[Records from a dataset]
- - - - - - -
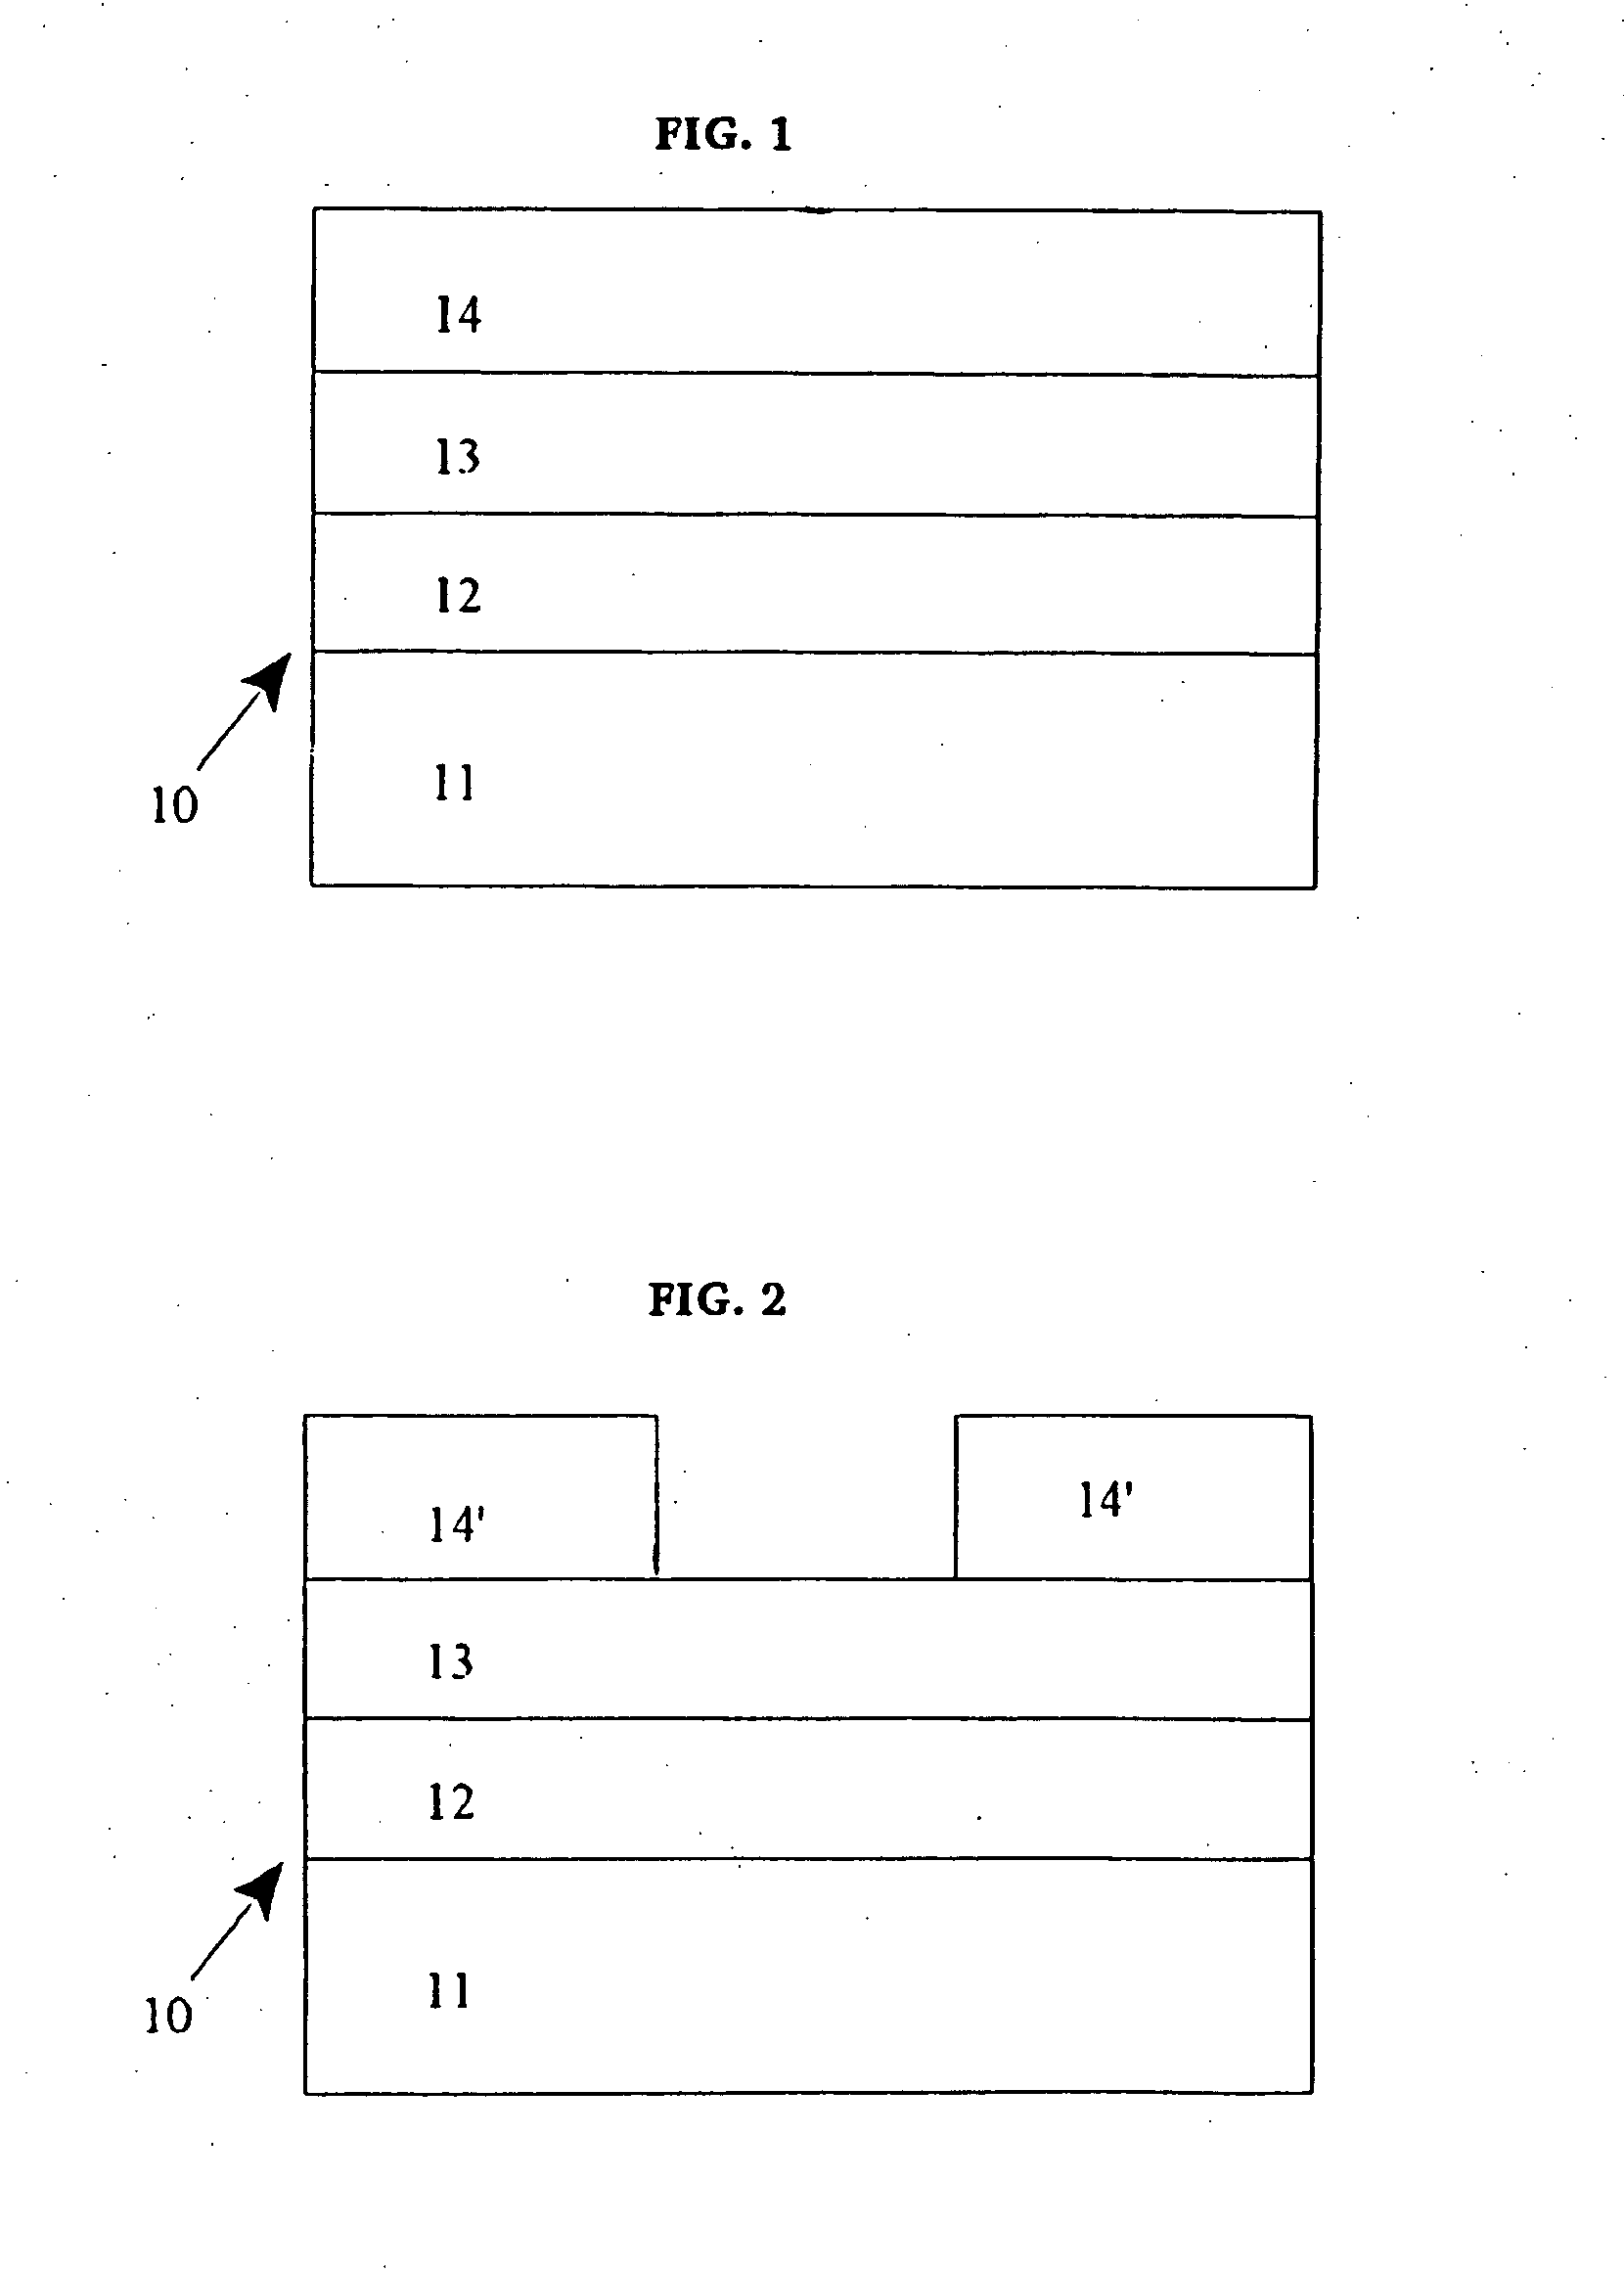 Rule based system and method for automatically generating photomask orders by conditioning information from a customer's computer system
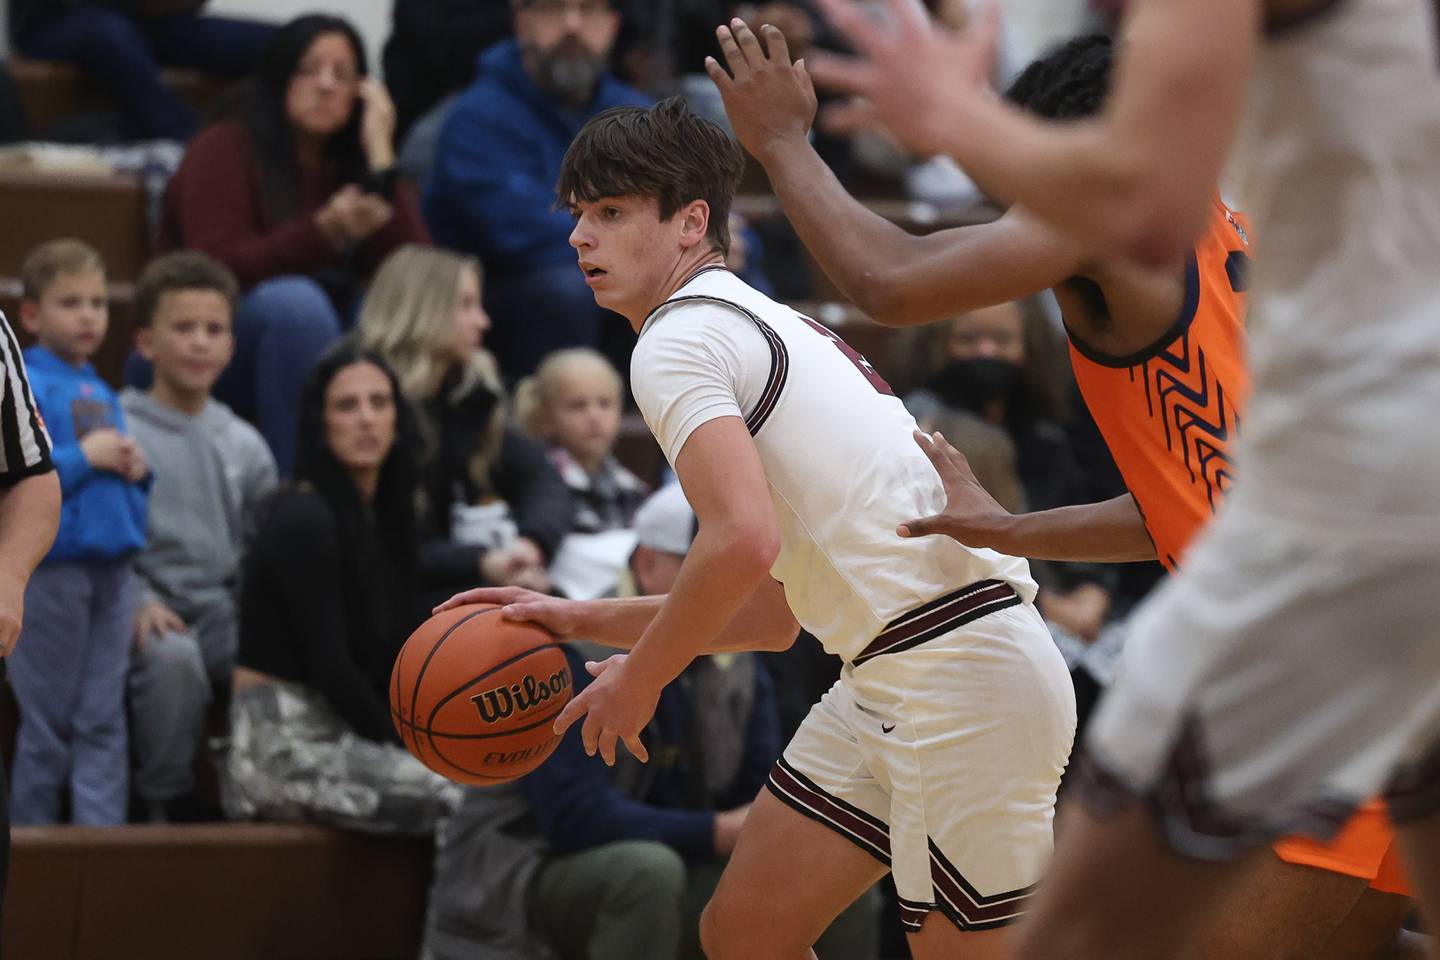 Lockport’s Drew Gallagher looks for a play against Romeoville in the 2023 WJOL Thanksgiving Tournament on Monday, Nov. 20, 2023, in Joliet.
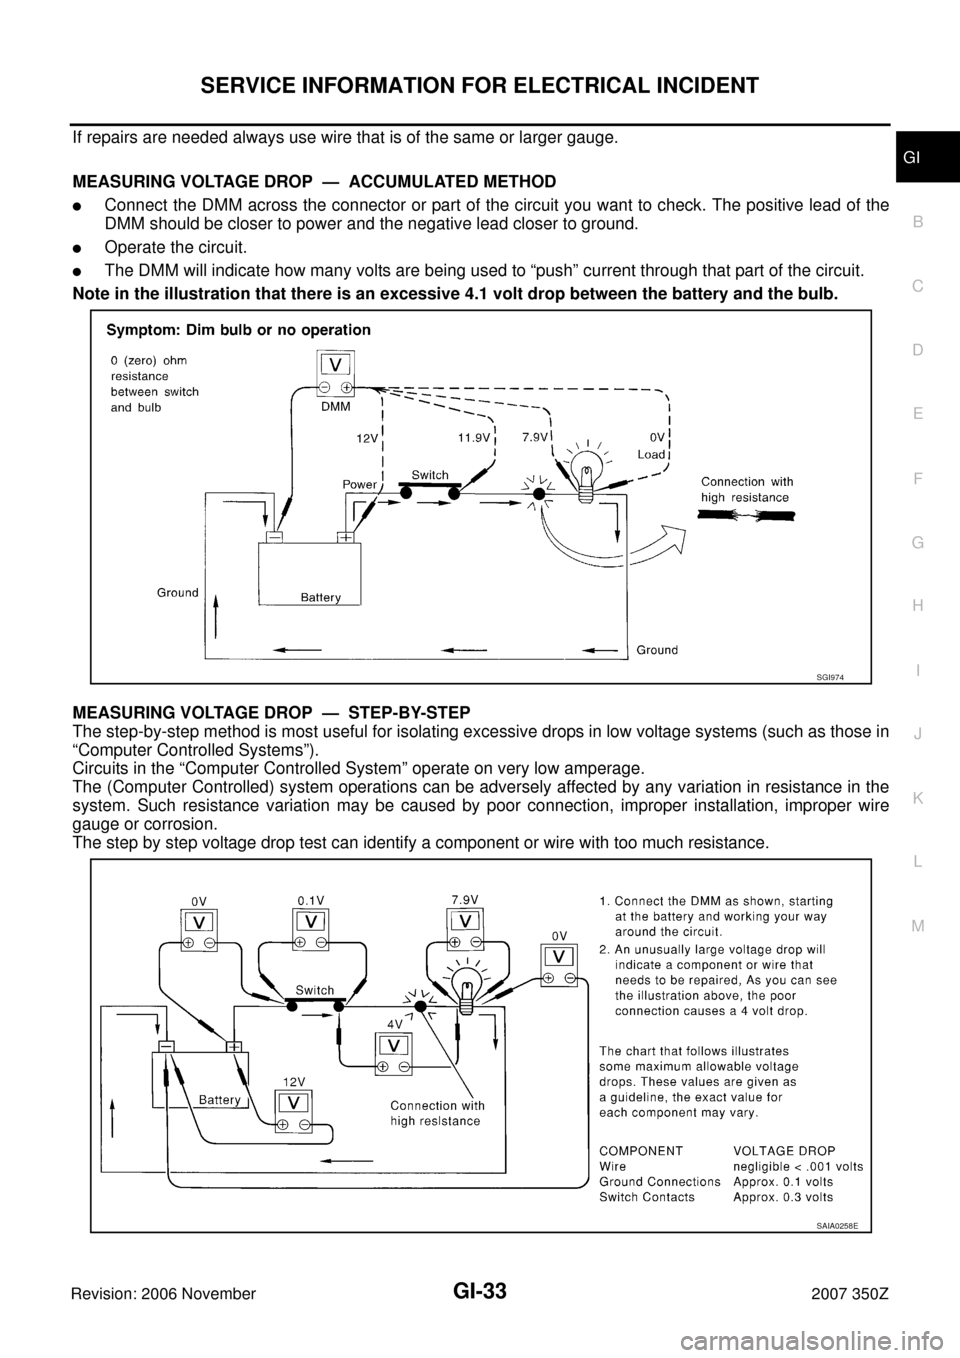 NISSAN 350Z 2007 Z33 General Information Workshop Manual SERVICE INFORMATION FOR ELECTRICAL INCIDENT
GI-33
C
D
E
F
G
H
I
J
K
L
MB
GI
Revision: 2006 November2007 350Z
If repairs are needed always use wire that is of the same or larger gauge.
MEASURING VOLTAG
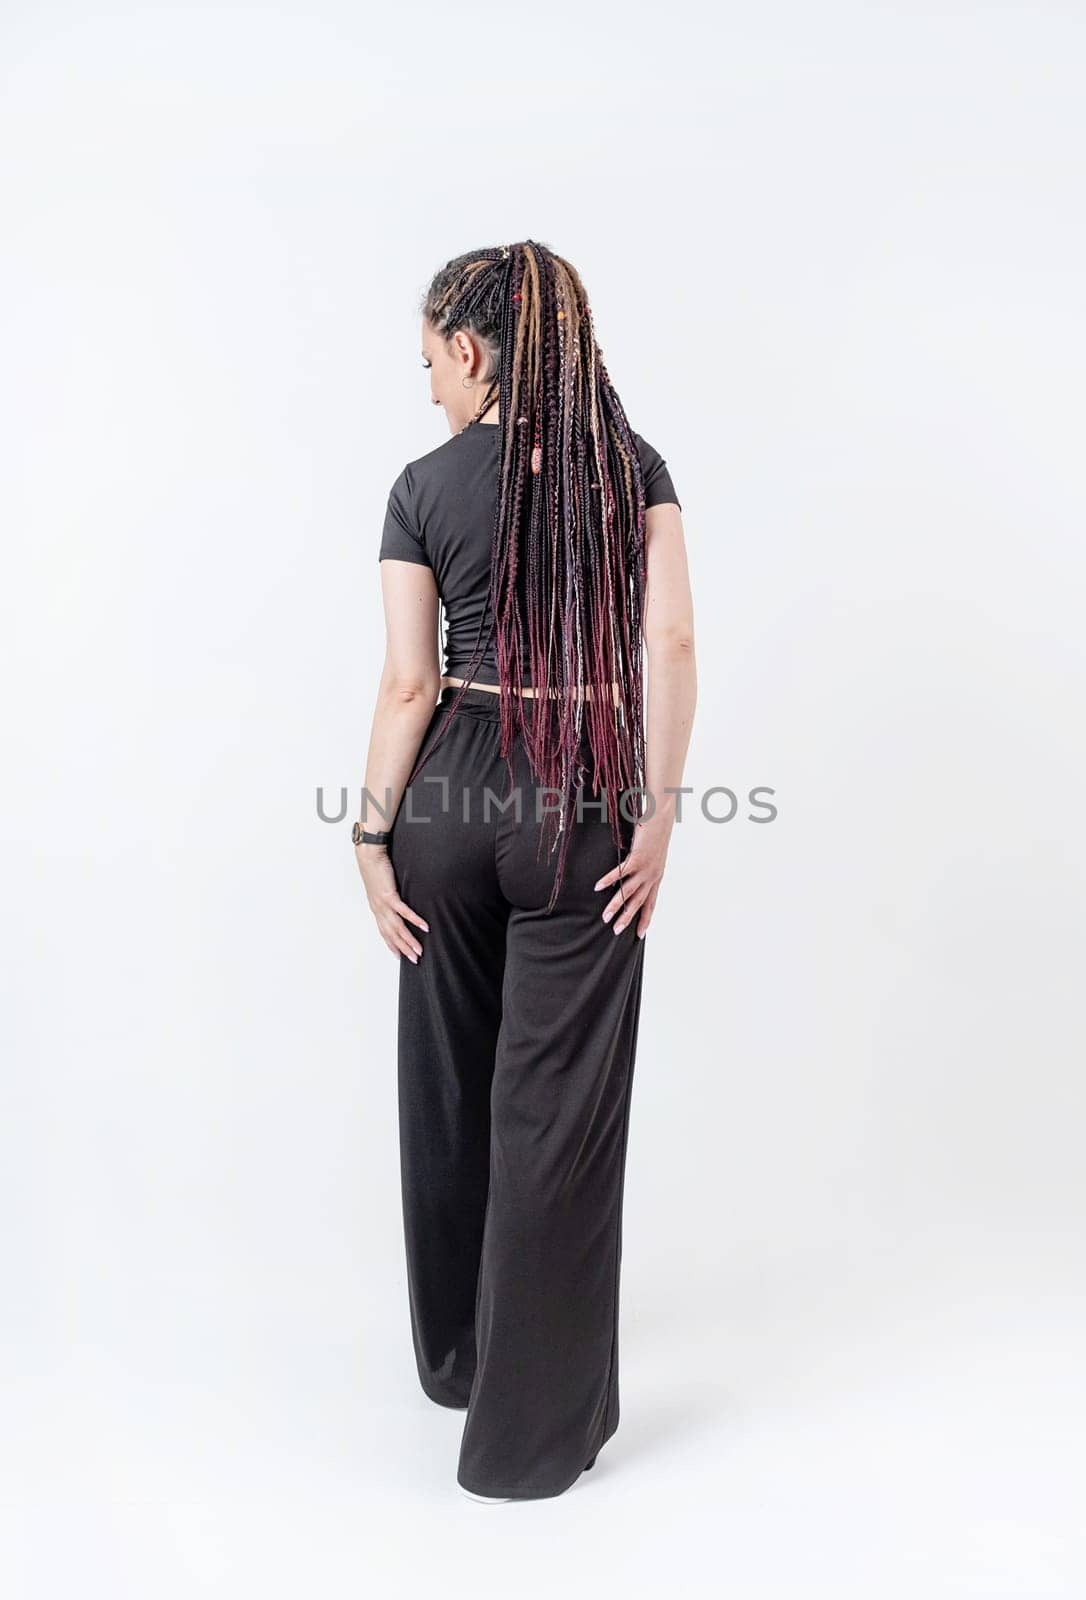 Fashionable young beautiful woman . Slim girl with dreadlocks in an active pose in black pants and top . Fashion, clothing and style.
- - - - - - -
[What you have to do]: Produce an exact copy of the lines from the line with "NISSAN 350Z 2007" through the last line of the data above, both ends included. No pictures belong in it.

[Written response]:
 NISSAN 350Z 2007 Z33 General Information Workshop Manual SERVICE INFORMATION FOR ELECTRICAL INCIDENT
GI-33
C
D
E
F
G
H
I
J
K
L
MB
GI
Revision: 2006 November2007 350Z
If repairs are needed always use wire that is of the same or larger gauge.
MEASURING VOLTAG
 Fashionable young beautiful woman . Slim girl with dreadlocks in an active pose in black pants and top . Fashion, clothing and style.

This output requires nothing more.